Despite that upbeat and sensible plan, as often happens when I get a shovel in my hand, the day took a different turn. I should have paid closer attention to all those military metaphors, drawing Maginot lines and such. Clearly, a destructive mood was taking hold, one I get nearly every winter when exasperation with my tendency to overplant overwhelms common sense. No sooner had I typed the last line was a shovel grabbed and the afternoon spent removing a considerable amount of biomass so the lobelia could be transplanted to a shadier spot. One removal led to another, until the final tally of victims from overplanting included: (a) a 4X4 foot Teucrium fruticans azureum, (b) 3X3 foot Ballota acetabulosa, leaving a small rooted remnant; (c) a 6-foot tall leptospermum standard; (d) a 5X3 foot mass of Cobaea scandens, piling in on itself tendril upon tendril to become a free-standing, viney column, leafy on the surface, slimy underneath.

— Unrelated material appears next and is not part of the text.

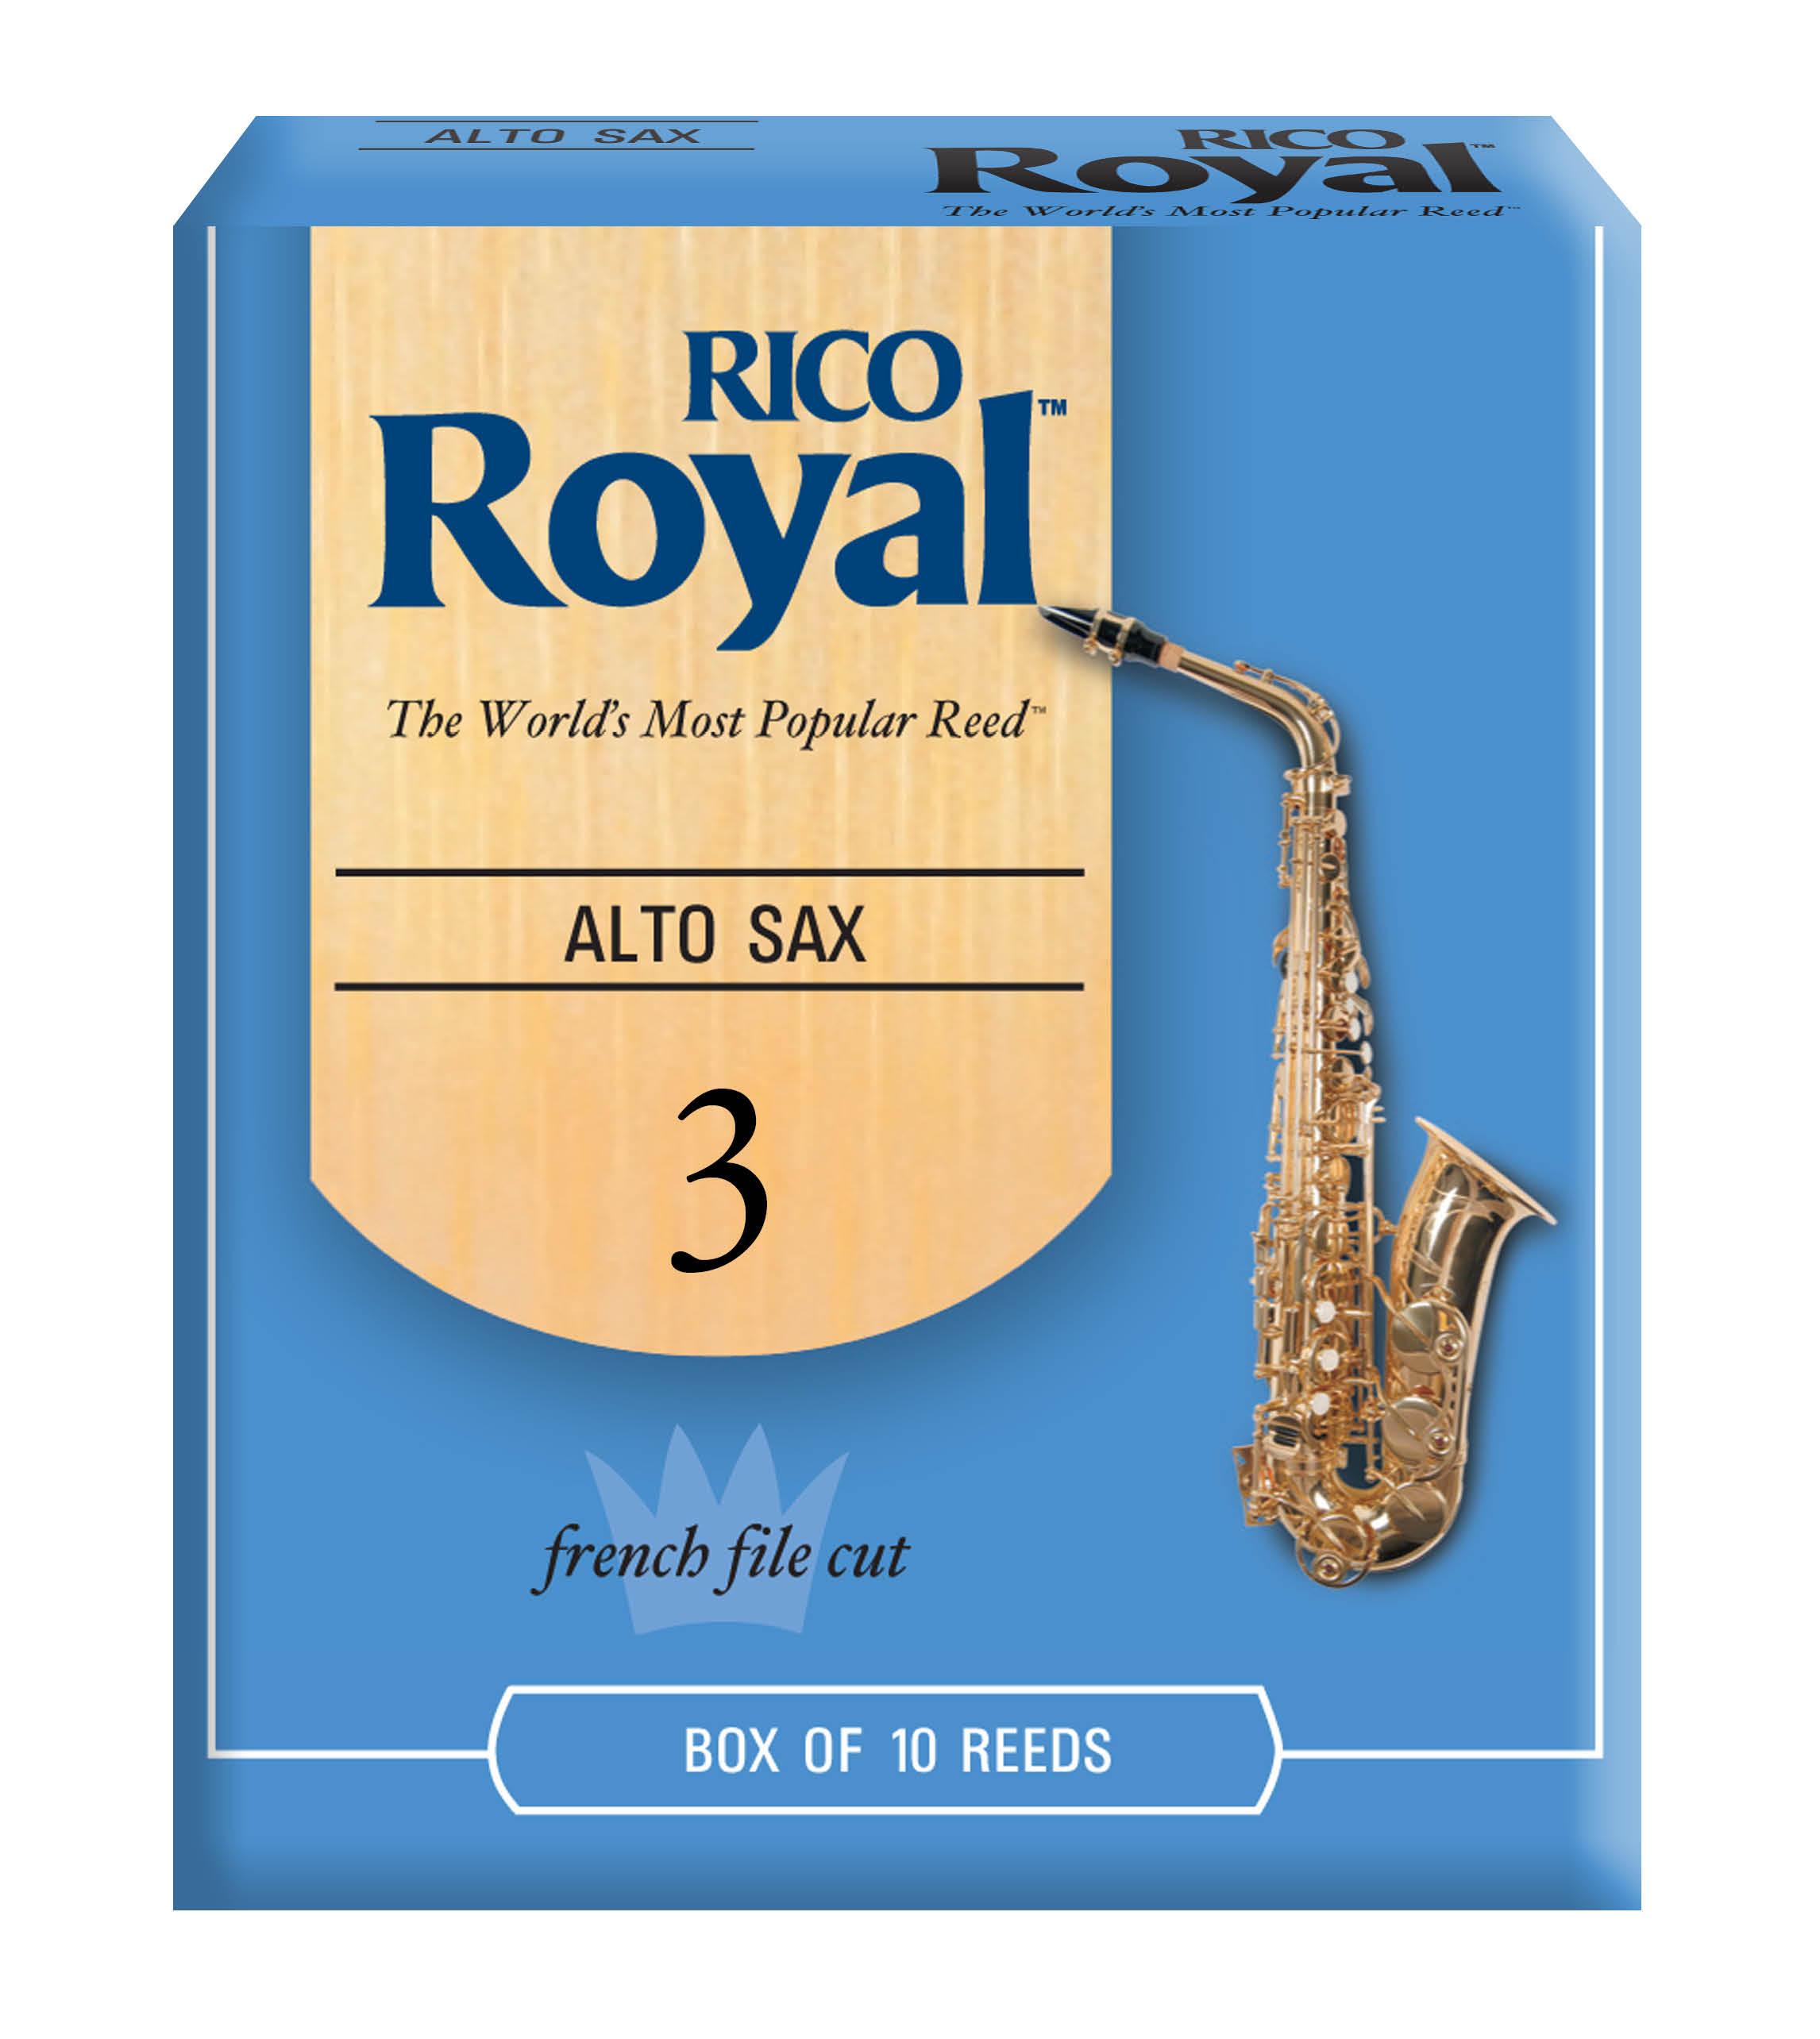 RICO ROYAL 3 ALTO SAX REED 10

And rather than waiting a year, as I prudently wrote earlier in the day, the Lobelia tupa was dug and moved to the newly opened, slightly shadier location. A couple clumps of languishing ruby grass/melinus were moved here as well. (The soil was still surprisingly light after all that rain, for we all know that one NEVER digs in excessively wet soil. The day of solid rain following the transplanting makes digging ill advised for at least a couple weeks.)

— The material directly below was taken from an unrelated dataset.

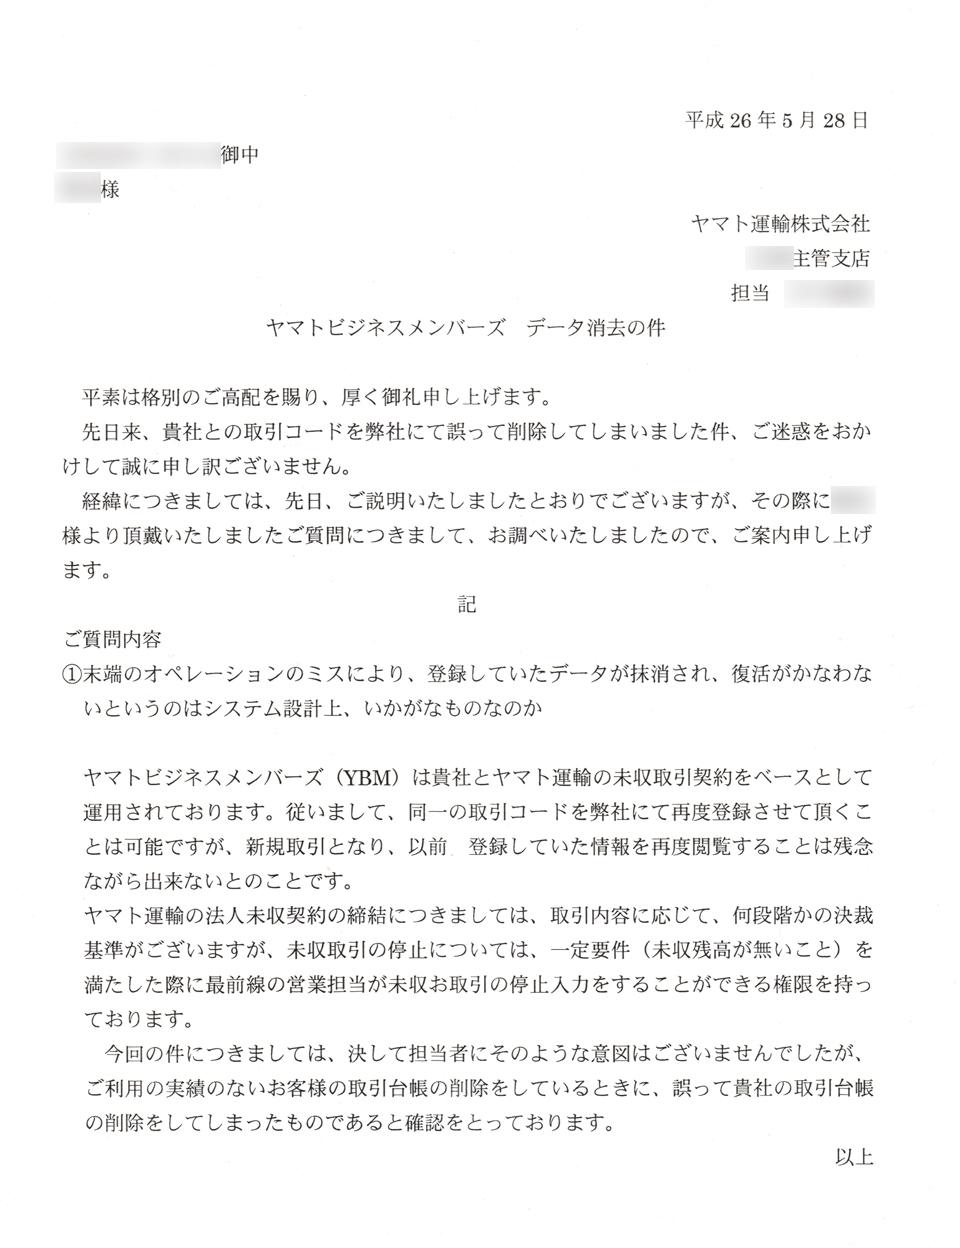 KuronekoSetsumei-20140529

What started out as a few snips of oxalis turned into a full-blown demolition session, which always seems to follow the busy fizz of the holidays. I can try to talk myself out of this impulse, but when my hand touches a shovel mid-winter, anything goes. What sounds chaotic and irrational is just a continuation of the 22-year conversation I’ve had with this garden — overplanting then the inevitable thinning out, craving the excitement of new plants but not having the necessary space in which they can mature, the garden equivalent of yo-yo dieting. After the thinning, hellebores grown against the back wall, previously concealed by the cobaea in front, joined the garden again, along with a newly revealed phlomis and some salvias hidden behind the standard leptospermum. The garden once again looks lean and sleek with about as much winter bareness as I can tolerate.”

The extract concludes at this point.